A nice added feature is that whenever git-annex sends a file to the
Internet Archive, it records its url, the same as if you'd run git annex
addurl
. So any users who can clone your repository can download the files
from archive.org, without needing any login or password info. This makes
the Internet Archive a nice way to publish the large files associated with
a public git repository.
Sign up for an account, and get your access keys here: http://www.archive.org/account/s3.php
# export AWS_ACCESS_KEY_ID=blahblah
# export AWS_SECRET_ACCESS_KEY=xxxxxxx
Specify host=s3.us.archive.org
when doing initremote
to set up
a remote at the Archive. This will enable a special Internet Archive mode:
Encryption is not allowed; you are required to specify a bucket name
rather than having git-annex pick a random one; and you can optionally
specify x-archive-meta*
headers to add metadata as explained in their
documentation.
# git annex initremote archive-panama type=S3 \
host=s3.us.archive.org bucket=panama-canal-lock-blueprints \
x-archive-meta-mediatype=texts x-archive-meta-language=eng \
x-archive-meta-title="original Panama Canal lock design blueprints"

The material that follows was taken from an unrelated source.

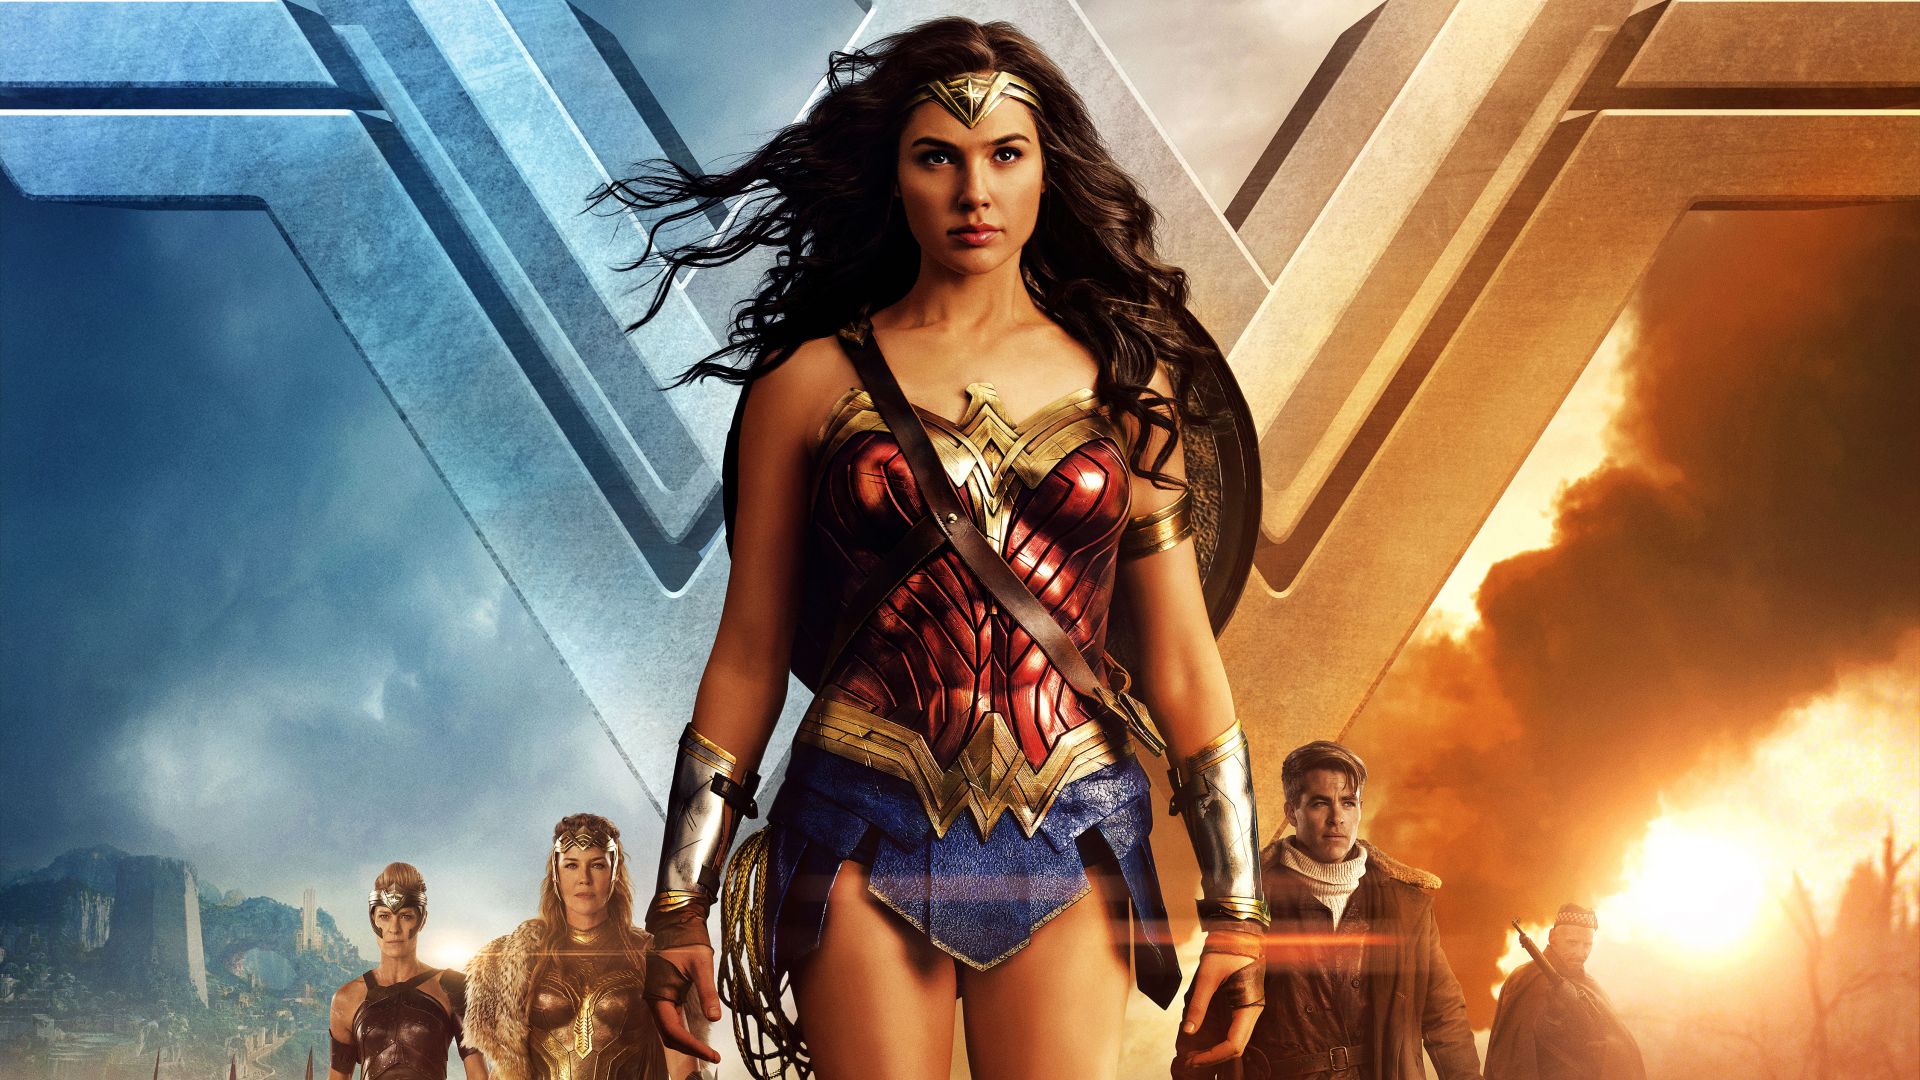 Wallpaper Wonder Woman by Gal Gadot, 2017 movie, 5k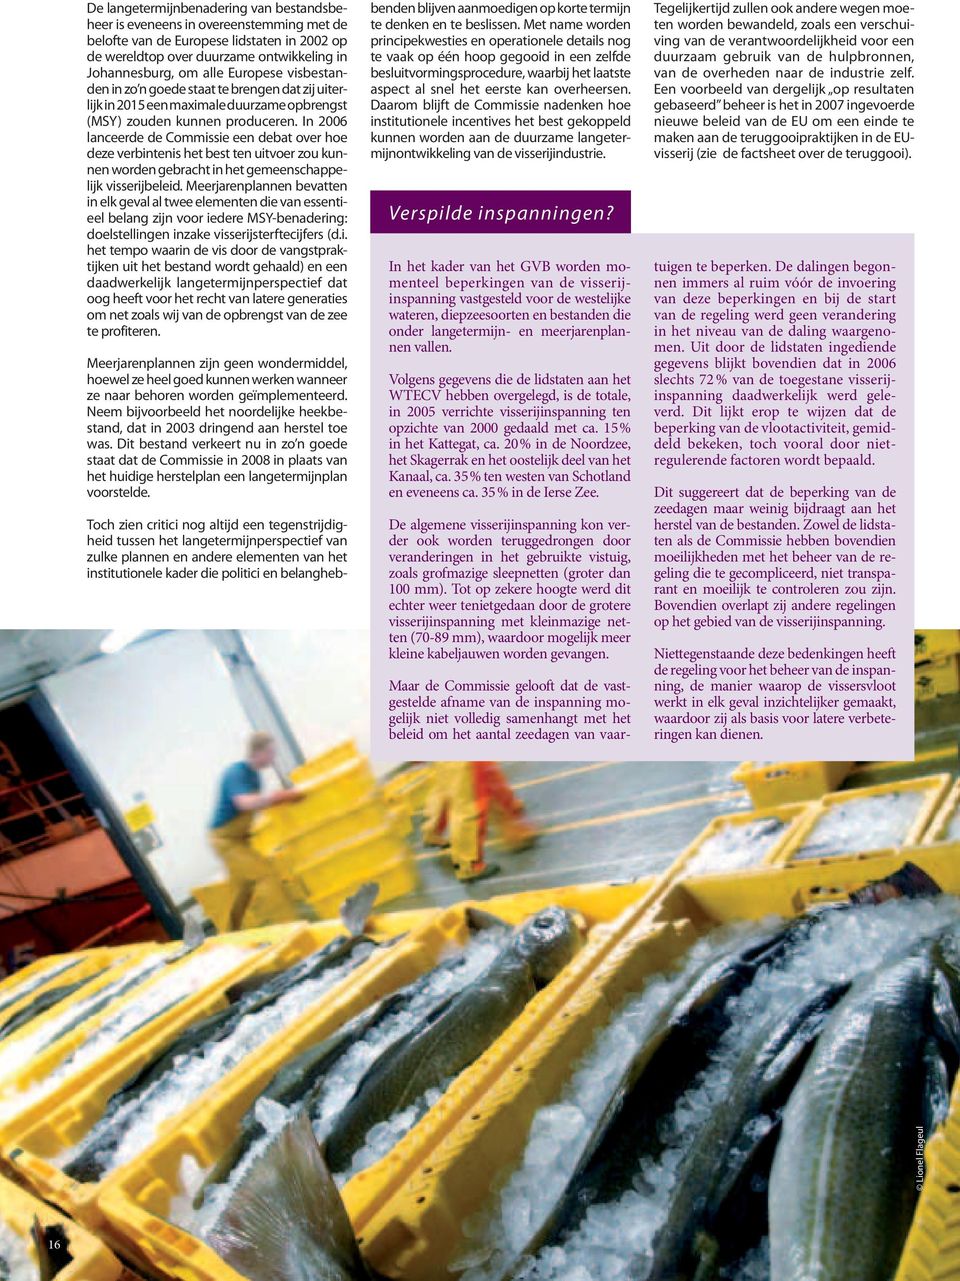 In 2006 lanceerde de Commissie een debat over hoe deze verbintenis het best ten uitvoer zou kunnen worden gebracht in het gemeenschappelijk visserijbeleid.

initremote archive-panama (Internet Archive mode) ok
# git annex describe archive-panama "a man, a plan, a canal: panama"
describe archive-panama ok
Then you can annex files and copy them to the remote as usual:
# git annex add photo1.jpeg --backend=SHA1E
add photo1.jpeg (checksum...) ok
# git annex copy photo1.jpeg --fast --to archive-panama
copy (to archive-panama...) ok
Once a file has been stored on archive.org, it cannot be (easily) removed from it. Also, git-annex whereis will tell you a public url for the file on archive.org. (It may take a while for archive.org to make the file publically visibile.)
Note the use of the SHA1E backend when adding files. That is the default backend used by git-annex, but even if you don't normally use it, it makes most sense to use the WORM or SHA1E backend for files that will be stored in the Internet Archive, since the key name will be exposed as the filename there, and since the Archive does special processing of files based on their extension.
It doesn't seem like git annex addurl by itself supports the archive.org urls...
[[!format txt """ anarcat@marcos:presentations$ git annex addurl --file=re_publica_2012Eben_MoglenFreedom_of_Thought_Requires_Free_Media.webm http://archive.org/download/Republica2012-EbenMoglen-FreedomOfThoughtRequiresFreeMedia/re_publica_2012Eben_MoglenFreedom_of_Thought_Requires_Free_Media.webm addurl re_publica_2012Eben_MoglenFreedom_of_Thought_Requires_Free_Media.webm failed to verify url exists: http://archive.org/download/Republica2012-EbenMoglen-FreedomOfThoughtRequiresFreeMedia/re_publica_2012Eben_MoglenFreedom_of_Thought_Requires_Free_Media.webm failed git-annex: addurl: 1 failed """]]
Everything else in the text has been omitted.